Nel corso della sua opera, Freud trova anche due elementi riconducibili alla figura paterna. Il primo è relativo al carattere incompiuto di alcune sue opere. In quanto padre di esse, Leonardo le abbandonava proprio come lui da bambino era stato abbandonato da suo padre.
Anche l’approccio alla fede di Leonardo viene ricondotto al rapporto con la figura paterna. Sebbene egli non si pronunciò sulla sua religione, neanche la temeva. Freud riconduce questo suo approccio al fatto che per Leonardo l’autorità paterna non è stata un elemento presente e fondamentale nella sua infanzia. Per questo, allo stesso modo, non vi è neanche il timore di Dio.
Infine, in questo saggio Freud riscontra alcuni elementi infantili nella personalità adulta di Leonardo. In particolare, il desiderio di volare che in psicoanalisi è una fantasia tipicamente appartenente ai bambini. Tali tratti spiegherebbero l’interesse per il volo e per i volatili che ha caratterizzato i suoi studi.

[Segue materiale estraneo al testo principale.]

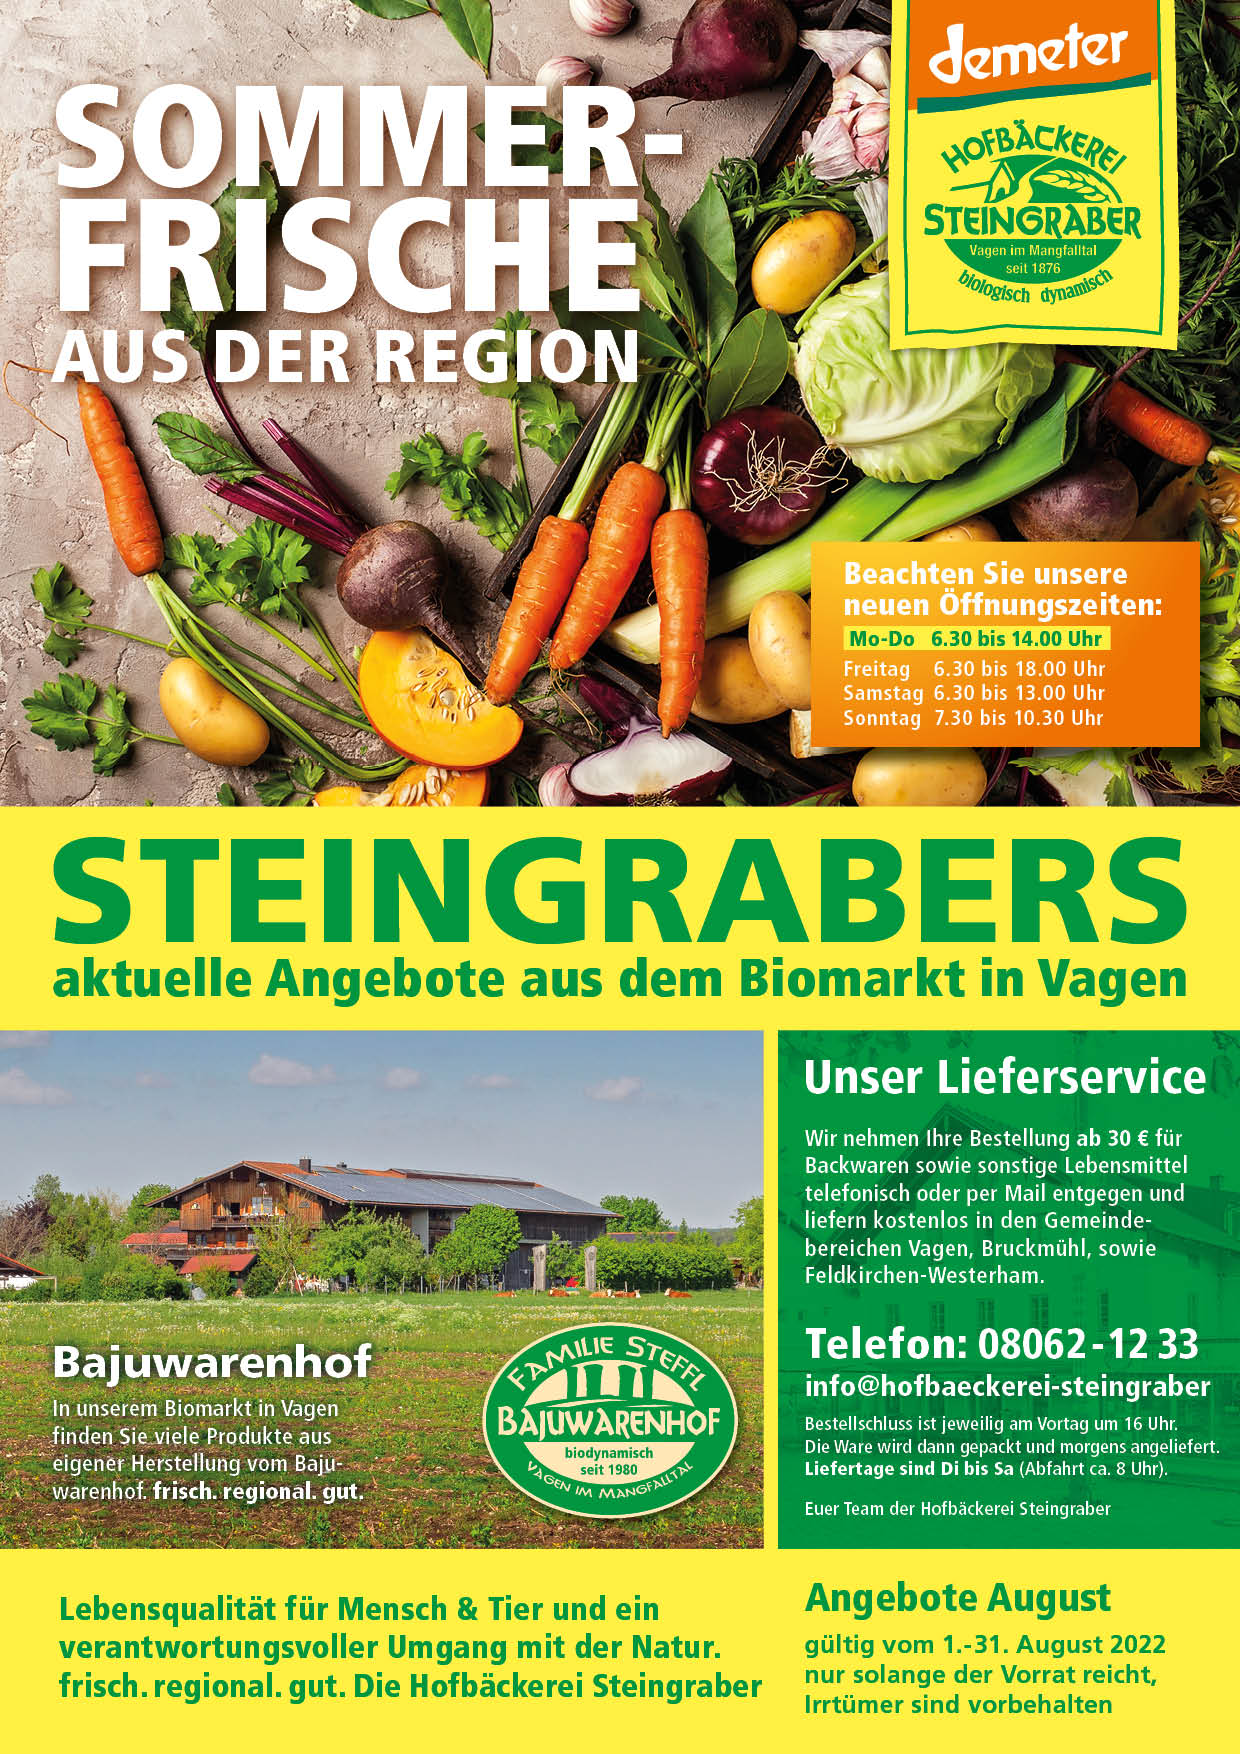 Steingraber Angebot A4 August 2022

Il contributo delle neuroscienze
Ma la psicologia, come scienza, non si sottrae anche all’aspetto più scientifico e biologico della mente umana. Con il contributo delle neuroscienze è recentemente nato un filone di ricerca chiamato “neuroestetica”. Tale ambito cerca di intrecciare psicoanalisi, letteratura, ma anche storia dell’arte, con i processi che avvengono nel nostro cervello.
Come in un’opera d’arte il nostro cervello crea delle attivazioni uniche alla vista di un quadro o alla lettura di un libro producendo una mappatura. Tali osservazioni possono essere osservate attraverso strumenti di neuroimaging.
Chissà se un giorno, potremmo avere queste immagini impresse sul nostro smartphone.